For the last few years we have heard that artificial intelligence will change the world we live in – but not all at once. Learning models made with data training sets are working their way into regular software applications for business, and are likely to be important tools as developers learn how to use them. Right now, a developer could pick one of several machine learning tools on Github and train her own AI, then build that program into a current project. Expect much more of this, although non-technical business people may not understand the extent of acceptance for another couple of years.
A cyberforce. No, really, a uniformed cyberforce.
The President announced a separate Space Force service to protect our off-planet national interests. But wait, there’s more. In the 2020 defense budget authorization bill, Congress asks the Pentagon to study whether a separate uniformed service dedicated to cybersecurity should join the Army, Navy, Air Force, Marines, Coast Guard and new Space Force. After 72 years with no new armed forces designated in this country, we may see two instituted in a 2-3-year period. Semper Cy.
More Shared Ventures for Banks and FinTechs.
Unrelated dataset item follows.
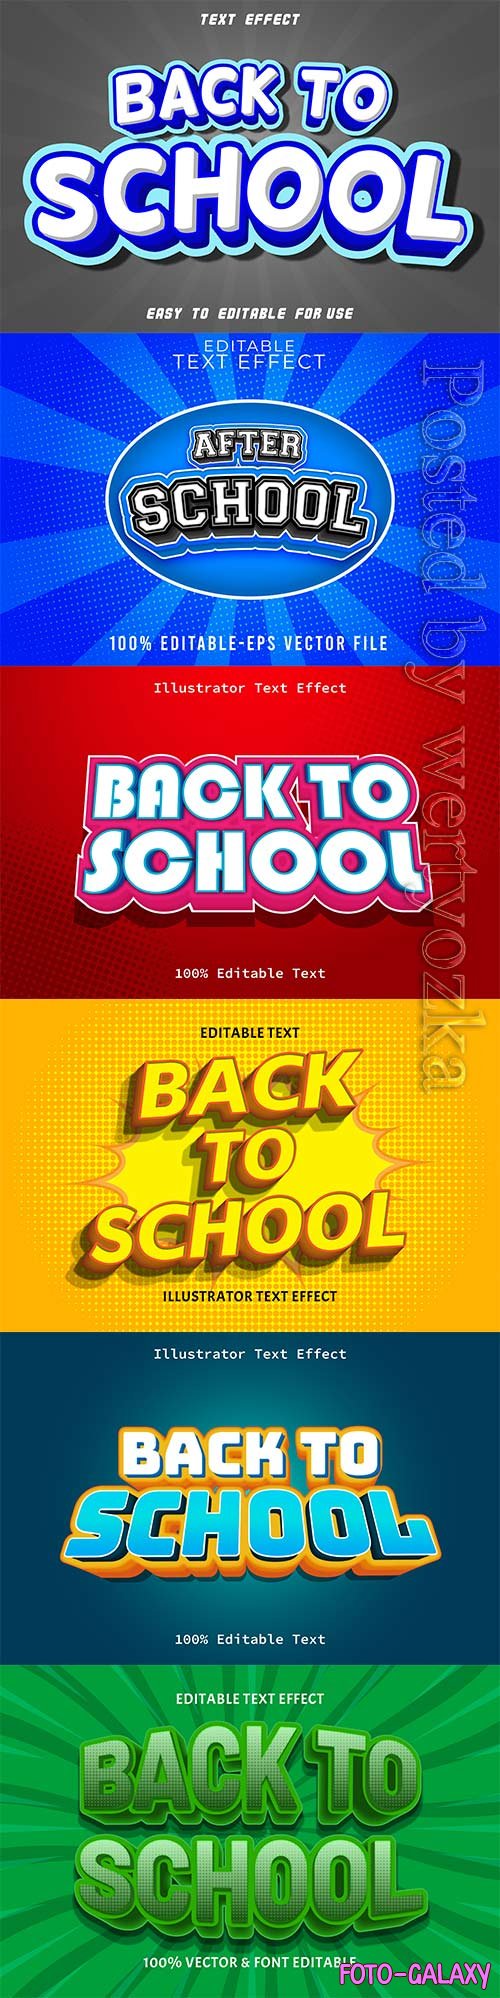 Back to school editable text effect vol 8

The more it becomes apparent that regulation of FinTech is likely to look very much like regulation of standard banks, Fintech companies have been searching for different ways of gaining credibility and scale in the marketplace. The clear answer is to use the stored-value card model of combining the flexibility and creativity of a FinTech company with the solidity, resources and regulatory acceptance of a bank. While 2019 saw a slow growth of this trend, 2020 is likely to increase the pace of sharing projects and business plans.
Year of the Deepfakes.
A combination of the US election year, a highly polarized electorate, foreign technical interference, and the democratization of AI technology is likely to produce some of the first socially relevant Deepfakes this year. The Russians are working to raise their election meddling game and probably will send out “incontrovertible” video of famous people or their families saying terrible things or otherwise behaving badly. I wouldn’t put it past the US political dirty trick machines either. Don’t believe everything you see. Or that you hear. This may be the year where your company’s CEO’s voice is Deepfaked to give false payment instructions. That attack is coming; just a matter of when.
IoT Vulnerability Everywhere.
We are already reading about hacked kid-cams being used to bully children, and in-room cameras capturing compromising adult pictures to use for blackmail (frequently demanding more debaucherous pictures). Your home is wired, and therefore vulnerable. Your car includes more than a million lines of code and links to the internet through its entertainment system, and therefor vulnerable. Your phone contains camera, microphone and GPS reader, and is painfully vulnerable. Not to mention your smartwatch or other wearables. These exposures will capture the attention of more hackers this year, for corporate espionage, blackmail, extortion and information gathering to support fraud. Both the bad guys and the people chasing them will learn new and creative ways of using direct connections into our lives.